The Democrat who sued to strip President Trump's name off the Kennedy Center now says his board is turning the venue into a "lifeless husk" — and the real scandal is that working Americans are still forced to fund the whole operation.
Rep. Joyce Beatty, D-Ohio, an ex officio board member, filed a lawsuit in December 2025 after the board voted to display Trump's name alongside Kennedy's on the building. Now her lawyers argue in a Friday court filing that the Trump-led board is violating a May court order by "refusing to take any steps to maintain the Center's operations" and will "effectively close the Center as a performing arts venue come July 5, 2026." "They plan to turn the Kennedy Center into a lifeless husk," Beatty's legal team wrote.
The Kennedy Center's lawyers pushed back, telling the court that "the Court's order did not affirmatively require the Board to reschedule programming that had previously been cancelled or to seek new programming."
U.S. District Judge Christopher Cooper's May order blocked the Center's planned two-year closure for renovations and directed that Trump's name be removed from the building — which happened last weekend.
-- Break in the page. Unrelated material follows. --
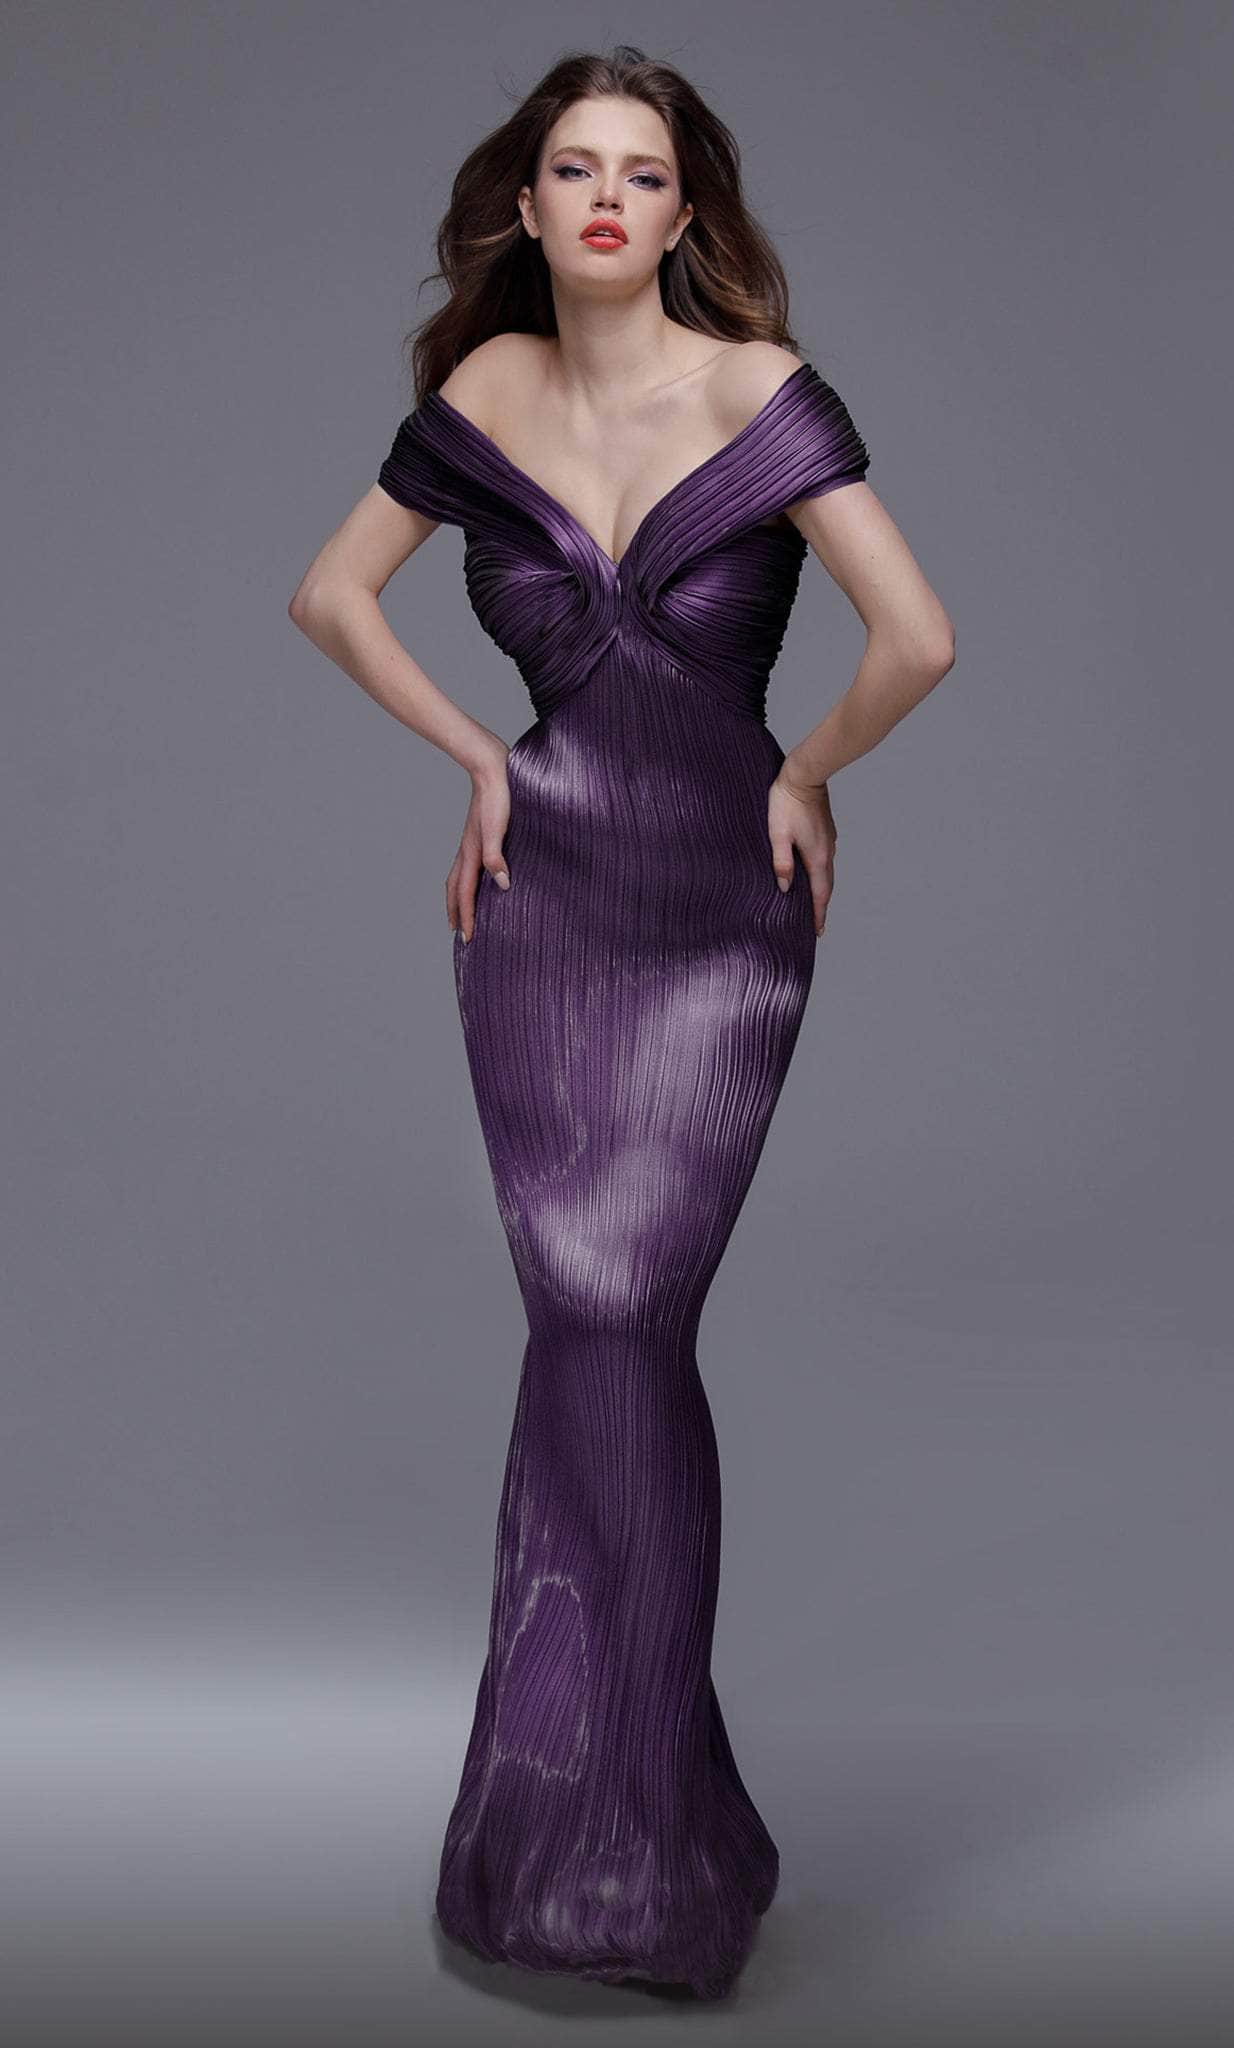 Image of MNM Couture 2729 - Metallic Pleated Evening Gown

Cooper's 94-page opinion noted there were "at least some plans to restart rehearsals, performances and educational programming" but did not explicitly mandate that shows resume immediately. He did write that the board "bears an affirmative duty to carry out the Center's programming and maintain a memorial to President Kennedy. It may not simply stop putting on shows altogether."
The Center says management will present reopening recommendations and the board is weighing three options: a full closure with no programming, a partial closure keeping some areas open, or a phased repair plan restoring full programming. A vote is scheduled for mid-July.
The power struggle started in February 2025, when Trump replaced several trustees and appointed himself chairman. The new board then elected him chair and fired Center president Deborah Rutter. Trump claimed in a May 2025 speech that Rutter's leadership "wasted millions and millions of dollars and handed us a budget deficit of $26 million." He added: "The programming was out of control with rampant political propaganda, DEI, and inappropriate shows."
The new board also stripped all 23 ex officio members — including Democrats like Chuck Schumer and Trump administration officials — of voting rights.
Fox News framed the story around Beatty's hypocrisy in fighting Trump's name while now demanding he keep the lights on. What neither side wants to discuss: the Kennedy Center sits on federal land, gets federal appropriations, and serves an audience that doesn't include the truck drivers and warehouse workers footing the bill. Trump was right about the DEI programming and the deficit. Beatty has a point that the board appears to be letting the venue wither. Both are arguing over who gets to steer a taxpayer-subsidized institution that the taxpayers themselves rarely set foot in.
The question neither party will ask is the only one that matters: why does the federal government fund a performing arts center at all?